Las comidas traídas por vecinos benévolos se hicieron menos
frecuentes y luego cesaron. Tom fue de compras sin preguntarse si
todavía la encontraría cuando regresara, el nudo en la boca del
estómago fue reemplazado por un dolor más profundo y seguro. Ella
no estaba en ninguna parte y estaba en todas partes, y no pudo evitar
buscarla.

Las únicas personas que realmente querían hablar sobre la


muerte de Charlie eran los proveedores de servicios y las agencias
estatales, que querían pruebas en papel. Se convirtió en un proveedor
de certificados de defunción, enviando misivas de mortalidad a
proveedores de telefonía, compañías de tarjetas de crédito,
compañías de seguros de vida y salud, servicios de registro de
vehículos, Seguridad Social. Era asombroso, pensó, cuántas personas
querían estar seguras de que estabas muerto.

Charlie había dejado muy claro que no quería que la enterraran. “A


menos que puedas convertirme en abono”, le dijo con firmeza, antes
de explicar lo que quería. Entonces, una noche, un grupo de amigos
se reúne para cenar en la playa que tanto le había gustado a Charlie:
gajos de melón chorreando jugo, del viejo vendedor de frutas que
había llorado cuando escuchó la noticia, pescado fresco marinado con
aceite de oliva y estragón, a la parrilla en una barbacoa de playa,
trozos de pan con
la masa gruesa, de su panadería favorita en la ciudad, un pastel de
especias que Tom había hecho con la receta del propio Charlie.

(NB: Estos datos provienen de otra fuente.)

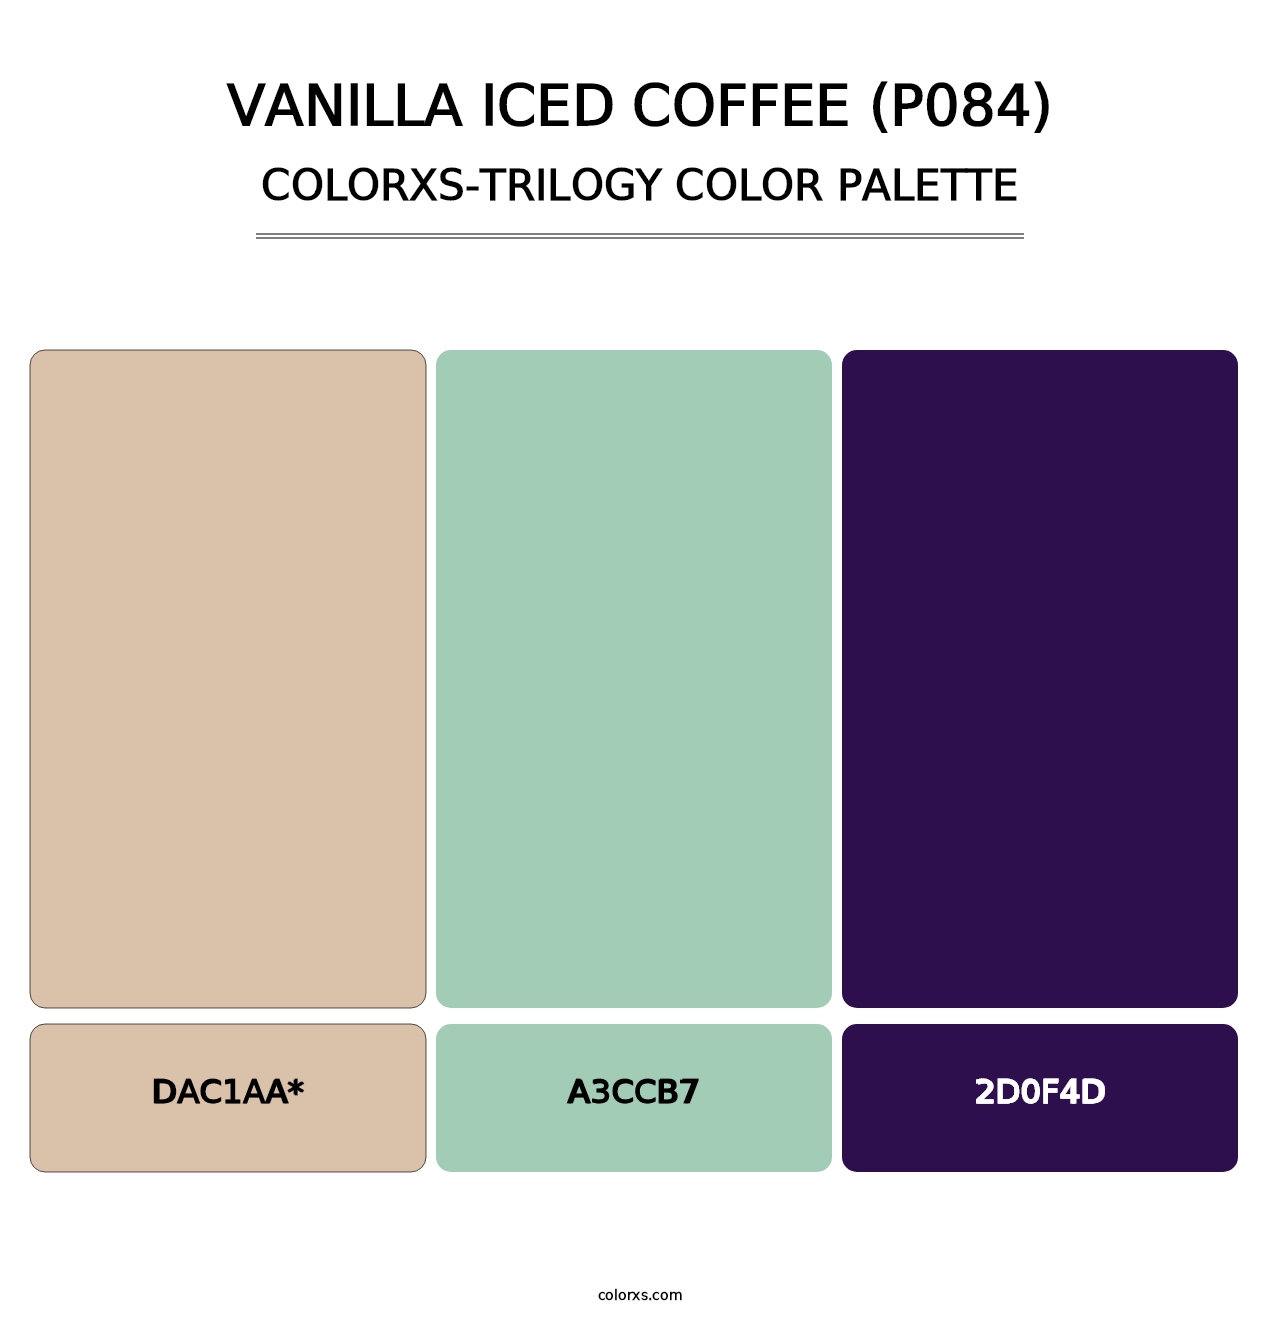 Vanilla Iced Coffee (P084) - Colorxs Trilogy Palette

Luego
habían arrojado sus cenizas al mar con ademanes arrebatadores. Lo
que solo Tom sabía era que cada uno se llevaría una pequeña parte
de ella con ellos esa noche, horneada en el pastel que habían comido.

Después de eso, Tom dejó de hablar. Como si todas estas


conversaciones, las conversaciones difíciles durante la vida de Charlie
y las más prosaicas después de su muerte, definitivamente hubieran
agotado sus ganas de hablar. Le costaba demasiado abrir la boca,
pensar en lo que la persona de enfrente querría o necesitaría oír. Su
mente estaba ocupada, pero no habría podido decir qué.

Casi nueve meses después, en lo que habría sido el cumpleaños de


Charlie, un amigo llevó a Tom a cenar al restaurante de Lillian.
"Charlie deseaba que tuvieras comida en tu paisaje en su
cumpleaños, compañero", le había dicho, "y créeme, la cocina de
Lillian hará que incluso tú quieras comer". »
Era el mes de agosto; en el callejón que conduce aEn casa de
Lillian, el follaje de los cerezos era verde y denso. Se sentaron en las
grandes sillas Adirondack en la terraza con una copa de vino tinto
mientras esperaban una mesa, escuchando el murmullo de la
conversación a su alrededor, el tintineo de los cubiertos que entraban
por las ventanas abiertas del comedor. En la serenidad del jardín,
Tom sintió que su mente se ralentizaba.
Cuando finalmente se sentaron en el comedor con paneles de
madera, una camarera se acercó a su mesa y les dio la bienvenida.

— Como plato del día, esta noche tenemos maravilloso


pasta de marisco, anunció. Lillian encontró unas almejas y mejillones
frescos muy buenos hoy en el mercado de mariscos y los está
sirviendo con fideos caseros, en una salsa a base de mantequilla, ajo y
vino, con un toque de chile rojo y...

La camarera se quedó en silencio, avergonzada por su lapsus de memoria.


"Orégano", dijo Tom en voz baja.
"Sí", respondió la camarera, aliviada. Gracias. Cómo
¿saber?
"Lo supuse", dijo Tom, levantando su copa en un brindis
silencioso. Miró hacia la mesa y centró su atención en el tejido del
mantel de lino, la curva del mango de su tenedor, los bordes del plato
redondo de cristal tallado que contenía sal marina y semillas de
hinojo.
Entonces Tom notó, casi oculto por el cuenco de sal, un cartel
marrón chocolate doblado por la mitad. Lo tomó en sus manos y leyó la
escritura que corría en blanco cremoso sobre la superficie.

Próximamente :
Nueva sesión de la Escuela de Sabores.

"Creo que estamos listos", dijo Lillian al grupo.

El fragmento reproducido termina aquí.